'Charlie's Angel' Farrah Fawcett dies at 62
Associated Press
But the movies turned out to be a platform where Fawcett was never able to duplicate her TV success. Her first star vehicle, the comedy-mystery "Somebody Killed Her Husband," flopped and Hollywood cynics cracked that it should have been titled "Somebody Killed Her Career."
The actress had also been in line to star in "Foul Play" for Columbia Pictures. But the studio opted for Goldie Hawn instead. "Spelling-Goldberg warned all the studios that that they would be sued for damages if they employed me," Fawcett told The Associated Press in 1979. "The studios wouldn't touch me."
She finally reached an agreement to appear in three episodes of "Charlie's Angels" a season, an experience she called "painful."
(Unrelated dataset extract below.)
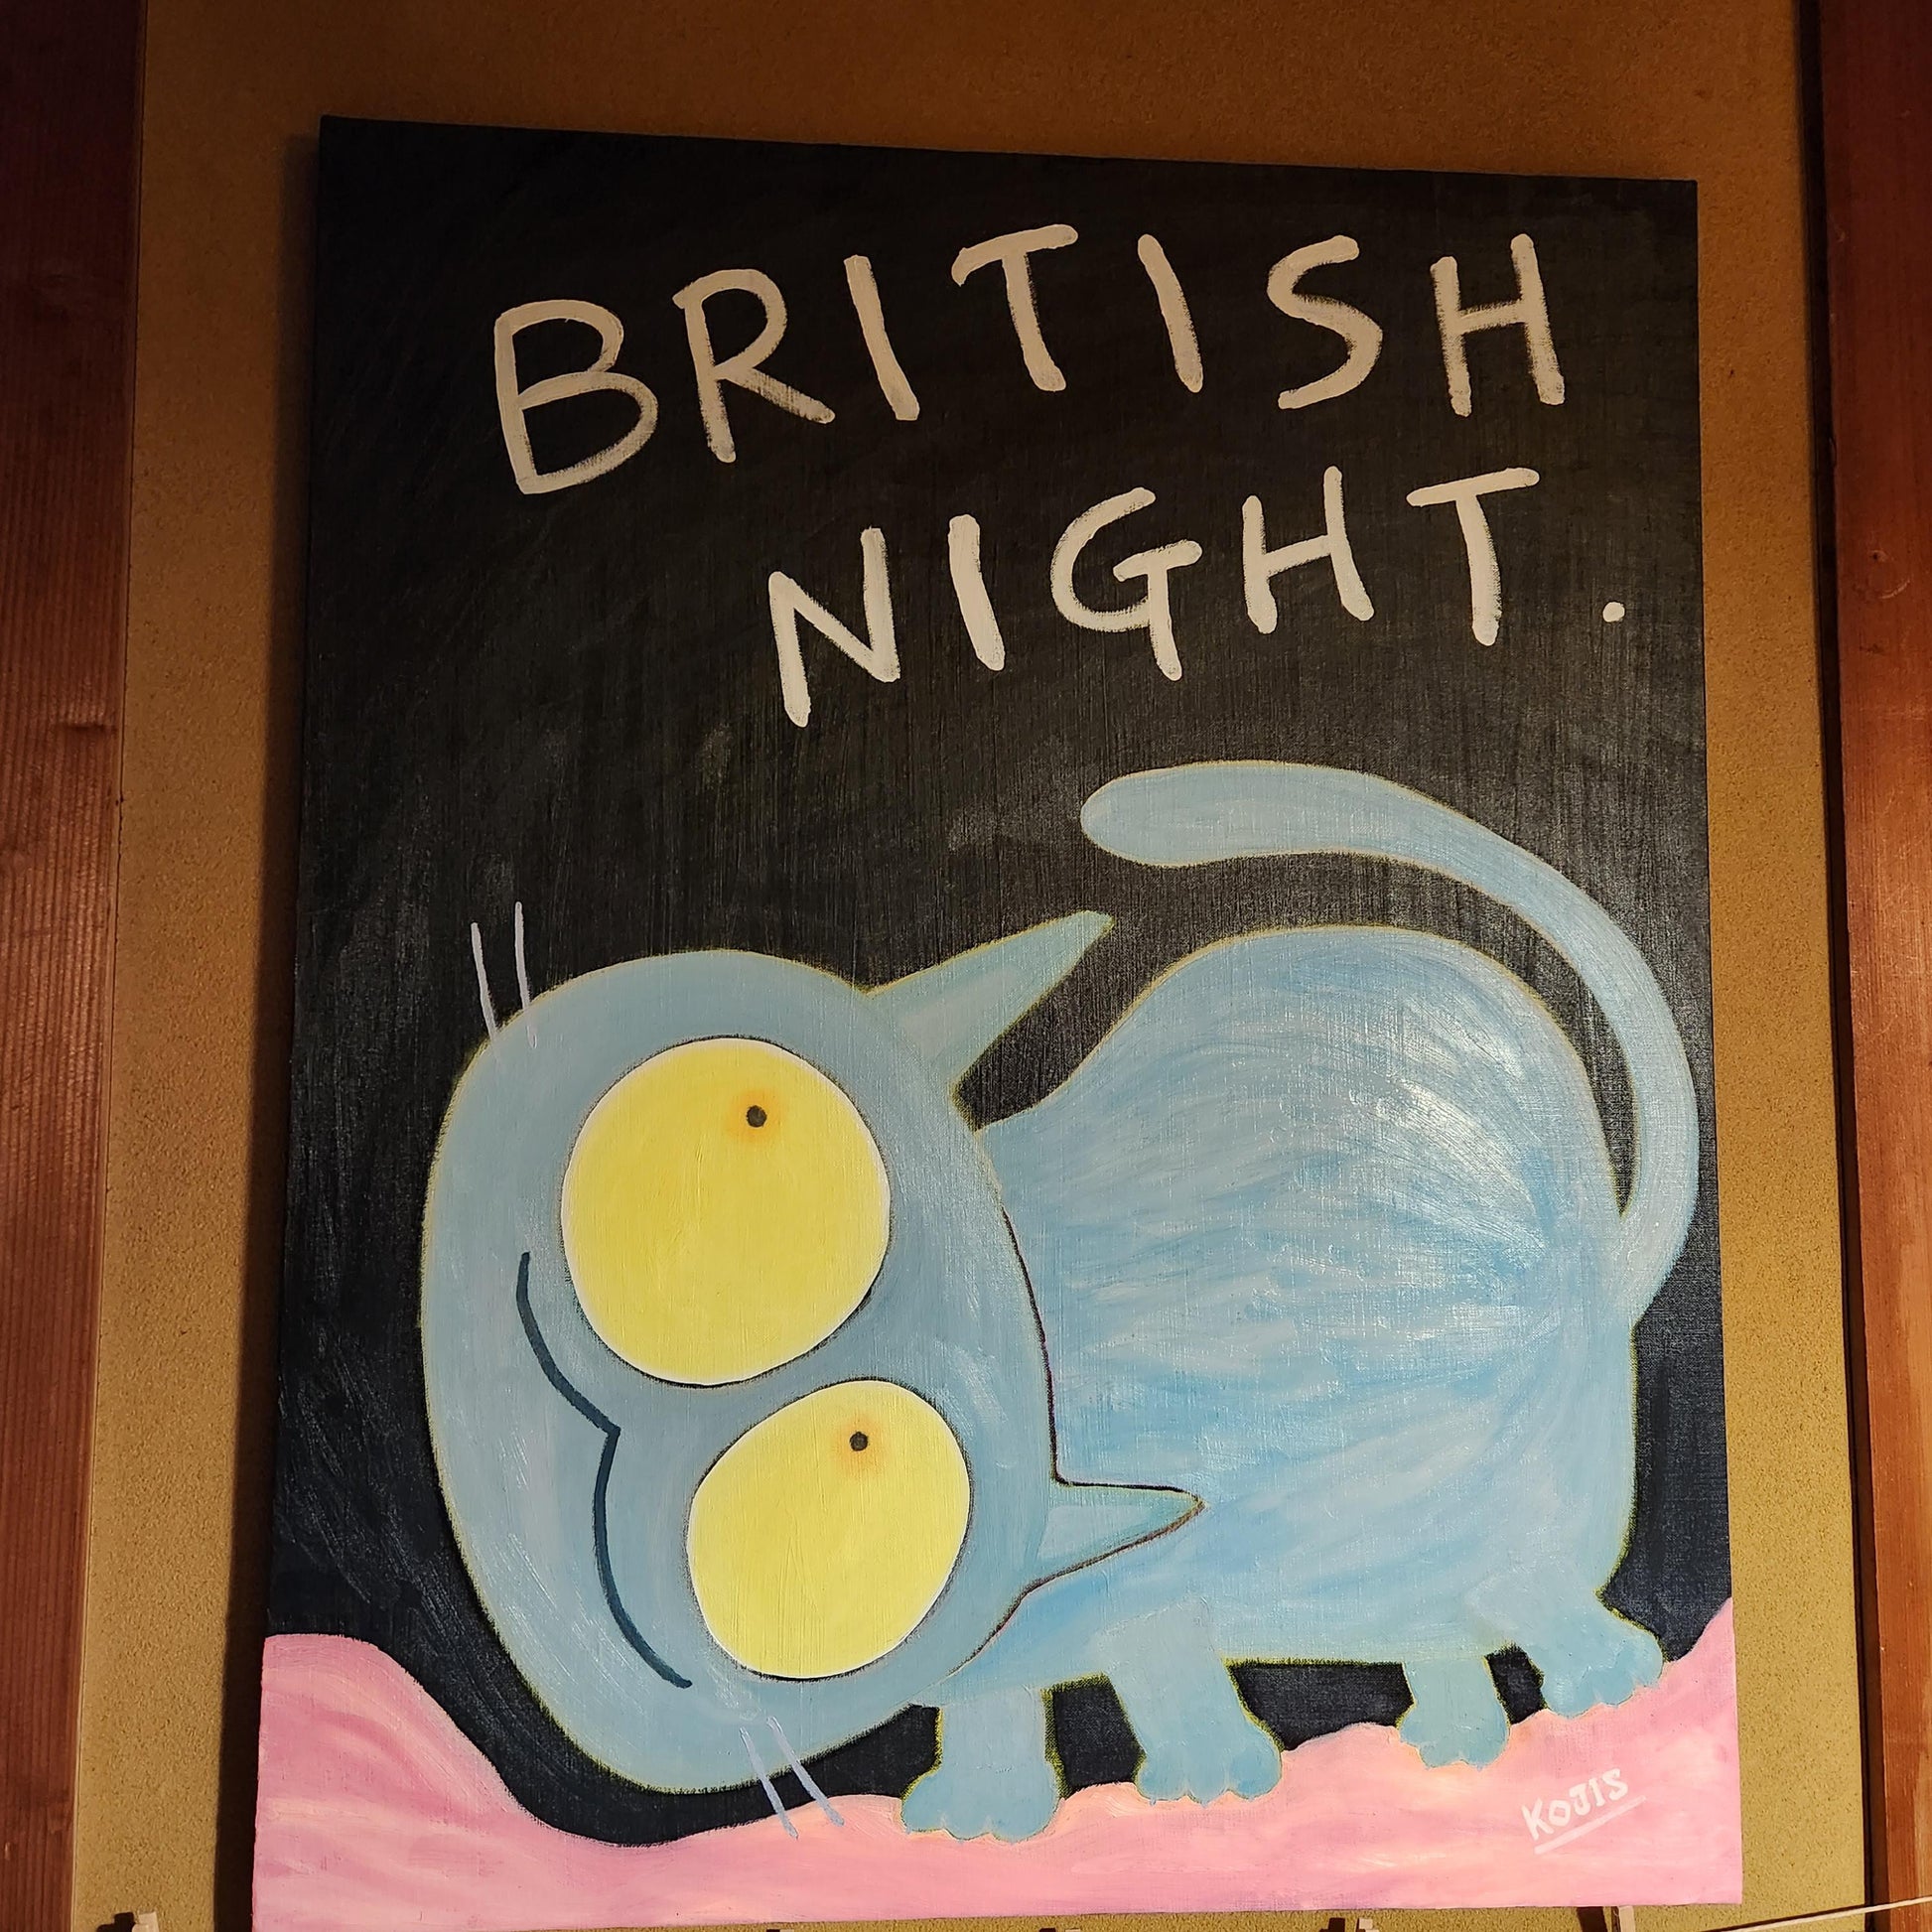 British night - FROM ARTIST
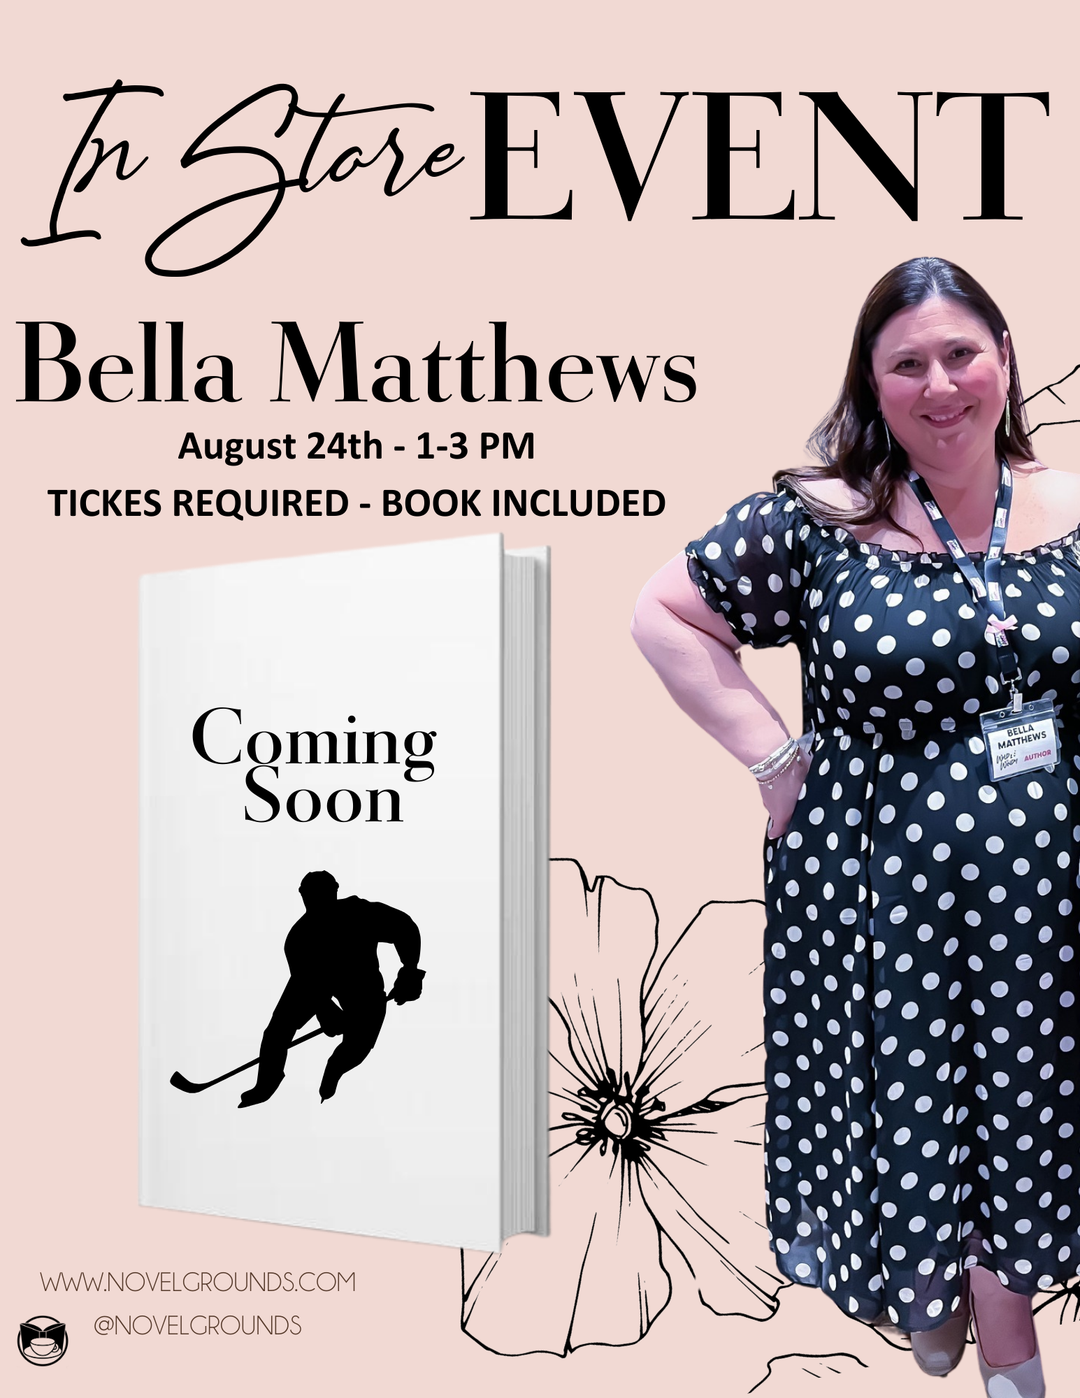 Bella Matthews Signing Event Ticket - August 24th - 1-3 pm

She returned to making movies, including the futuristic thriller "Logan's Run," the comedy-thriller "Sunburn" and the strange sci-fi tale "Saturn 3," but none clicked with the public.
Fawcett fared better with television movies such as "Murder in Texas," ''Poor Little Rich Girl" and especially as an abused wife in 1984's "The Burning Bed." The last earned her an Emmy nomination and the long-denied admission from critics that she really could act.
As further proof of her acting credentials, Fawcett appeared off-Broadway in "Extremities" as a woman who is raped in her own home. She repeated the role in the 1986 film version.
Not content to continue playing victims, she switched type. She played a murderous mother in the 1989 true-crime story "Small Sacrifices" and a tough lawyer on the trail of a thief in 1992's "Criminal Behavior."
She also starred in biographies of Nazi-hunter Beate Klarsfeld and photographer Margaret Bourke-White.
"I felt that I was doing a disservice to ourselves by portraying only women as victims," she commented in a 1992 interview.
In 1995, at age 50, Fawcett posed partly nude for Playboy magazine. The following year, she starred in a Playboy video, "All of Me," in which she was equally unclothed while she sculpted and painted.
She told an interviewer she considered the experience "a renaissance," adding, "I no longer feel ... restrictions emotionally, artistically, creatively or in my everyday life. I don't feel those borders anymore."
Fawcett's most unfortunate career moment may have been a 1997 appearance on David Letterman's show, when her disjointed, rambling answers led many to speculate that she was on drugs. She denied that, blaming her strange behavior on questionable advice from her mother to be playful and have a good time.
In September 2006, Fawcett, who at 59 still maintained a strict regimen of tennis and paddleball, began to feel strangely exhausted. She underwent two weeks of tests and was told the devastating news: She had anal cancer.
O'Neal, with whom she had a 17-year relationship, again became her constant companion, escorting her to the hospital for chemotherapy.
"She's so strong," the actor told a reporter. "I love her. I love her all over again."